Le livre est au contraire empathique avec Tchang Kaï-chek, en voulant à tout prix en faire un homme exclusivement dédié à la grandeur de la Chine. Mitter estime qu’un fil rouge conduit la politique de Tchang: l’unification de la Chine et son émergence comme une puissance à part entière (et non un ensemble crypto-colonial) sur la scène internationale. Il est sur ce dernier point convaincant en revenant sur les visites diplomatiques de Tchang en Inde avec Ghandi et au Caire avec Churchill et Roosevelt: davantage que le contenu des discussions, c’est le fait d’être reçu à l’étranger qui établit la légitimité de la Chine et de son dirigeant.

Rana Mitter tient tellement à mettre Tchang en avant qu’il ne pointe jamais la moindre insuffisance du personnage, même contre l’évidence. Il va plusieurs fois jusqu’à le faire passer pour un leader désintéressé par le pouvoir. Impression singulière: le livre semble écrit par un historien de Taïwan en pleine guerre froide, par exemple quand de vagues intentions sociales qui ne se matérialisent pas par davantage qu’un compte rendu de réunion ministérielle sont assimilées à une mise en place effective, ou quand le texte se contorsionne pour déterminer les responsabilités dans la famine de 1942 (4 millions de morts!) et conclure que... ce n’était la faute de personne.

De même, l’auteur décrit en détails le comportement pusillanime et froussard de Wang Jingwei passant à l’ennemi, et n’oublie pas de décrire son passage par un bordel de Hanoi. De Stillwell, on entend d’abord les défaites et l’arrogance inouïe, à coup de citations des passages les plus outrageants de ses carnets. Mais si Mitter évoque la corruption de l’entourage de Chiang ou le comportement méprisant et aristocratique de Mme Chiang, il entoure ses propos de précautions oratoires et de conditionnels. Seuls les lecteurs les plus naïfs (ou les plus heureux de lire les éloges des nationalistes chinois) se feront prendre.

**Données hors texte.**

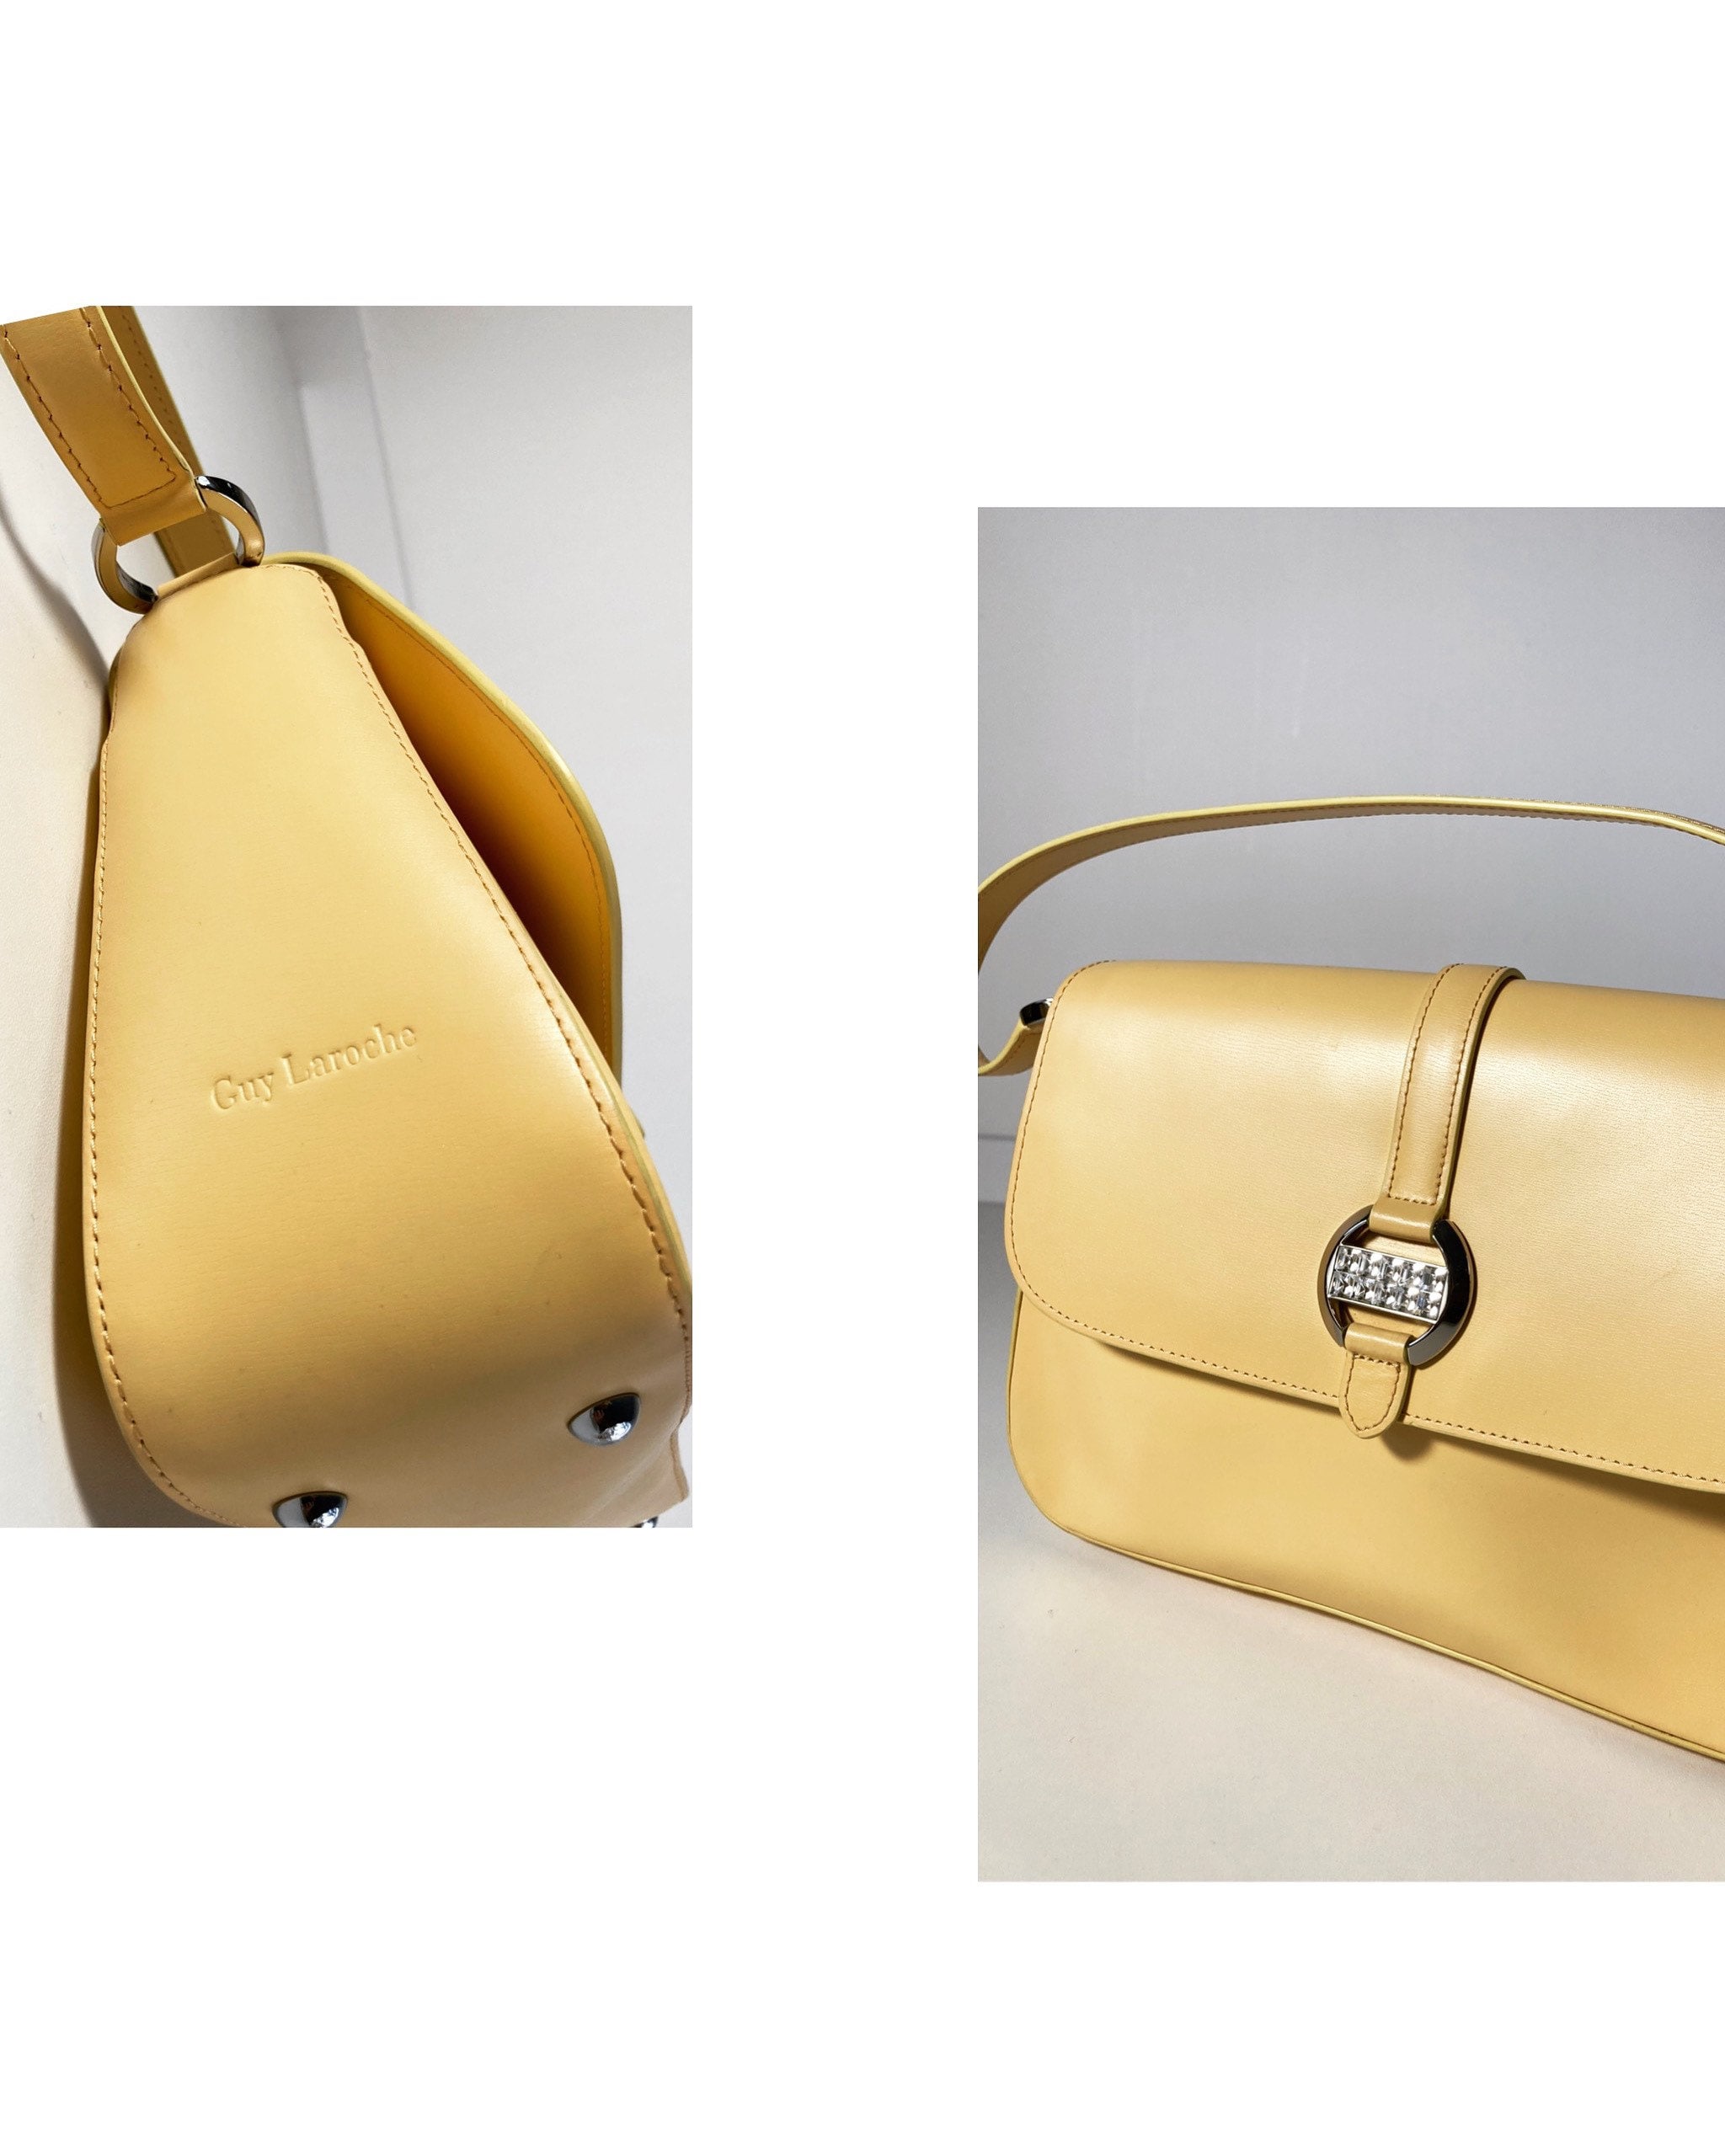 Vintage Purse GUY LAROCHE Handbag Vintage Yellow Top Handle

Le livre souffre d’une autre faiblesse structurelle: se tenant rigoureusement au point de vue chinois, il présente les actions des ennemis ou partenaires de la Chine comme des sortes de fatalités, survenant sans qu’il en soit jamais évoqué les motivations, et surtout pas si les causes tiennent, justement, à des faiblesses ou des erreurs des chinois. La guerre elle-même est une sorte d’événement extérieur qui touche le gouvernement nationaliste, qui semble n’y rien pouvoir faire, et qui perd ou gagne des batailles comme aléatoirement. En fait, le livre écrit une histoire personnelle de Tchang avec une toile de fond de la Chine en guerre sans jamais tenter d’aborder les dimensions intermédiaires - qui font toute la complexité. Pour souligner le plus évident: il n’est à aucun moment abordé l’impact de Tchang (s’il y en a jamais eu un) sur la stratégie militaire ou la préparation des armées.

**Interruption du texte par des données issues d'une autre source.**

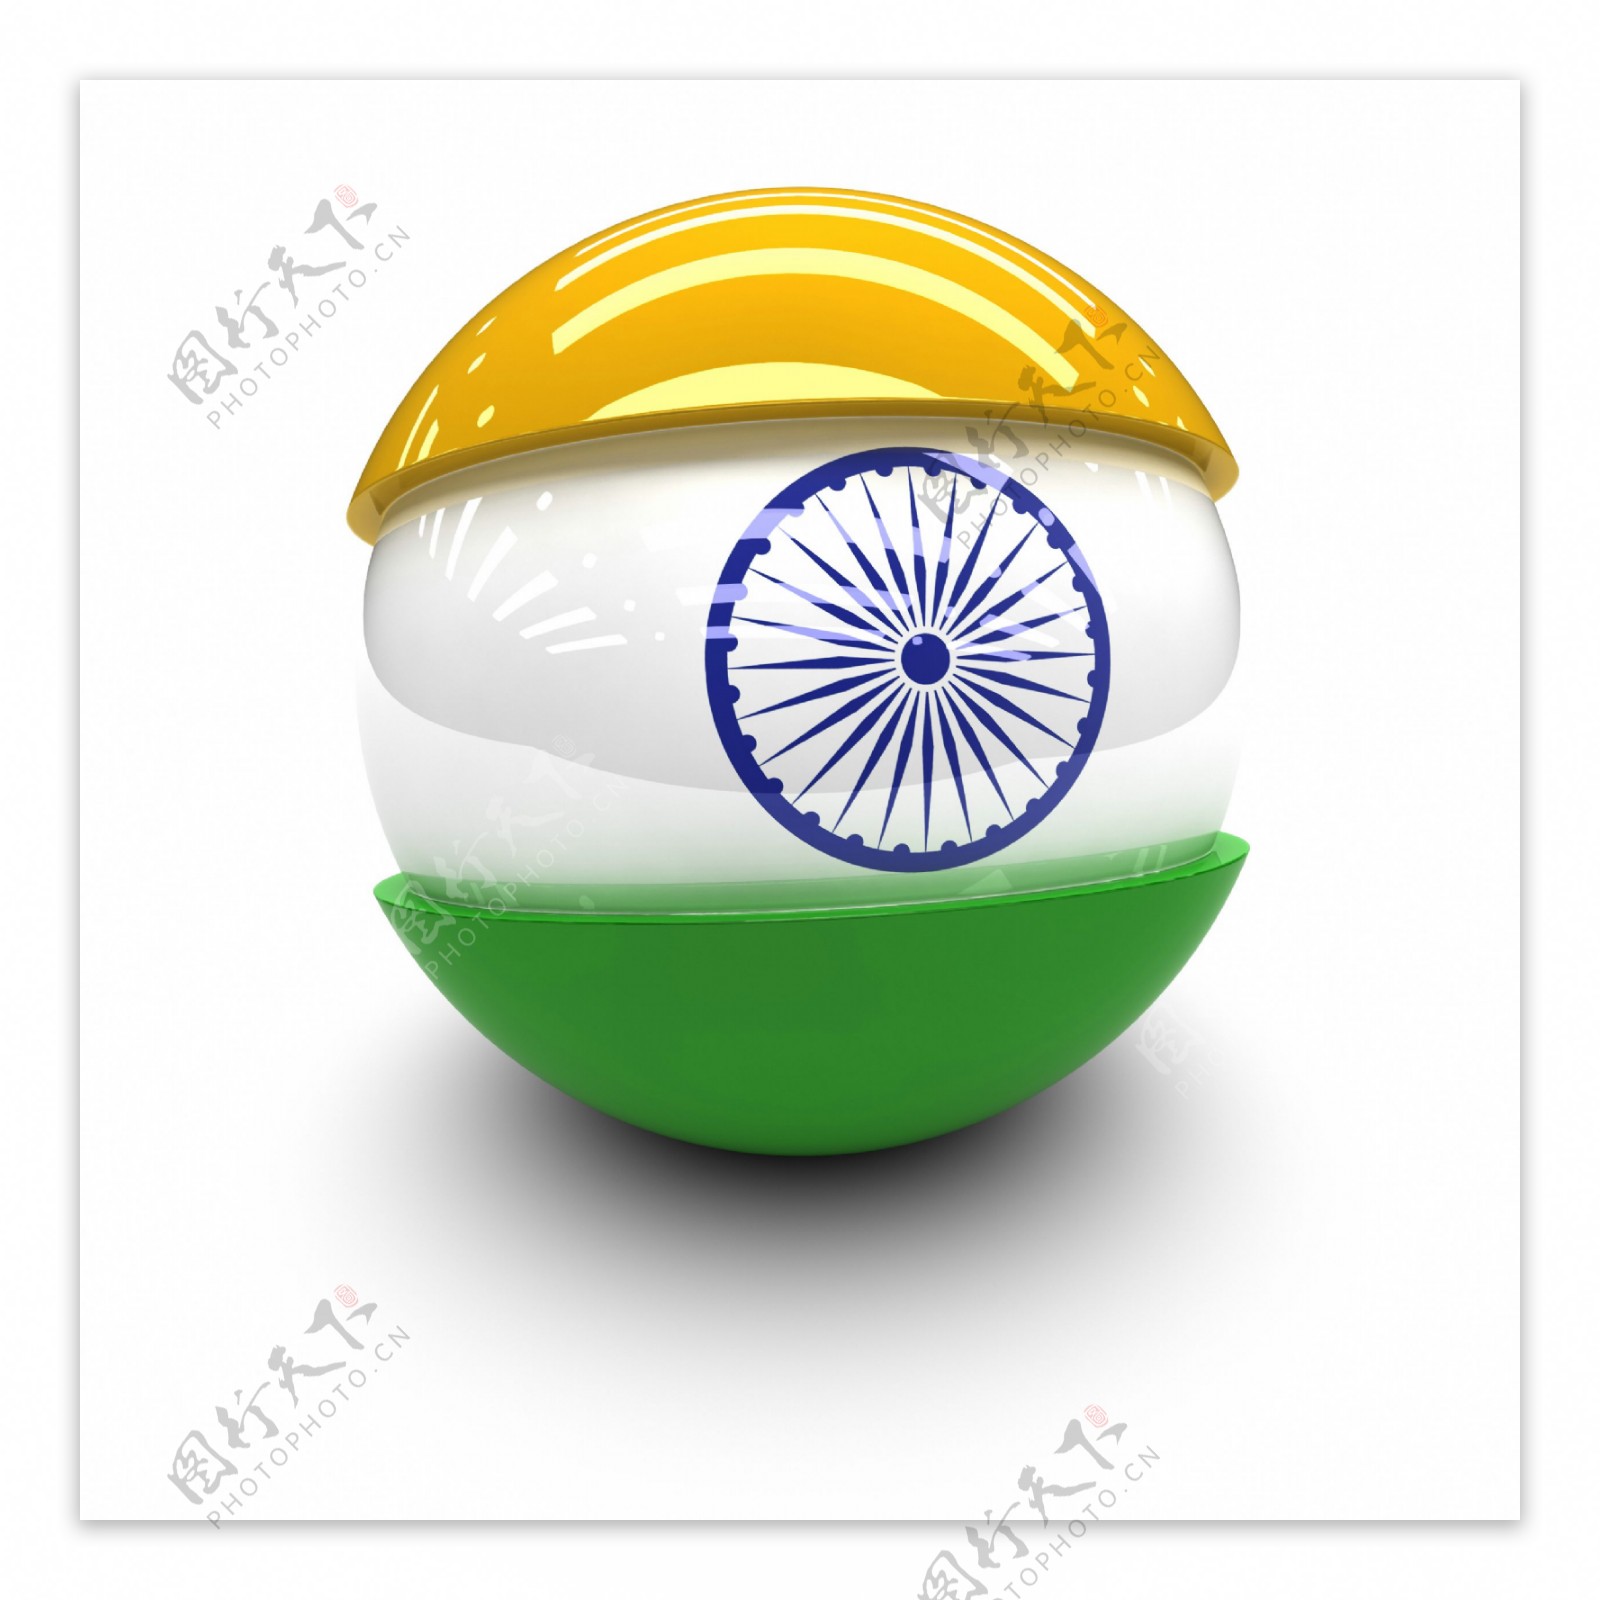 印度国旗球体图片

Et la façon de tracer à grands traits les événements hors de Chine, à l’échelon de l’année plutôt que du mois, entraîne de singulières approximations. Les batailles frontalières entre Japon et URSS de 1939 sont présentées comme si Tchang pouvait en suivre le déroulement quotidien. En mars 1940, une manœuvre diplomatique entre Anglais et Japonais est expliquée par le fait que "la France est sur le point de tomber". Ou encore, en 1944, les USA sont exclusivement préoccupés par le débarquement en Normandie, ce qui explique que le Japon ait les mains libres en Chine pour battre les armées de Tchang à plate couture - le texte sous-entend que les opérations dans le Pacifique n’existent pas. Plus tard, on lit que les 30 000 militaires américains qui veulent manger du bœuf plutôt que du riz détournent une proportion considérable des ressources du pays. Bref, le texte de Rana Mitter montre un étrange amateurisme.

Forgotten Ally est un texte d’autant plus décevant qu’il est bien écrit et qu’il pourrait, s’il avait un minimum de rigueur, combler un large vide dans la recherche. C’est au contraire un livre qui met en avant des idées erronées ou biaisées qu’il faudra s’acharner à corriger: il fait reculer l’histoire.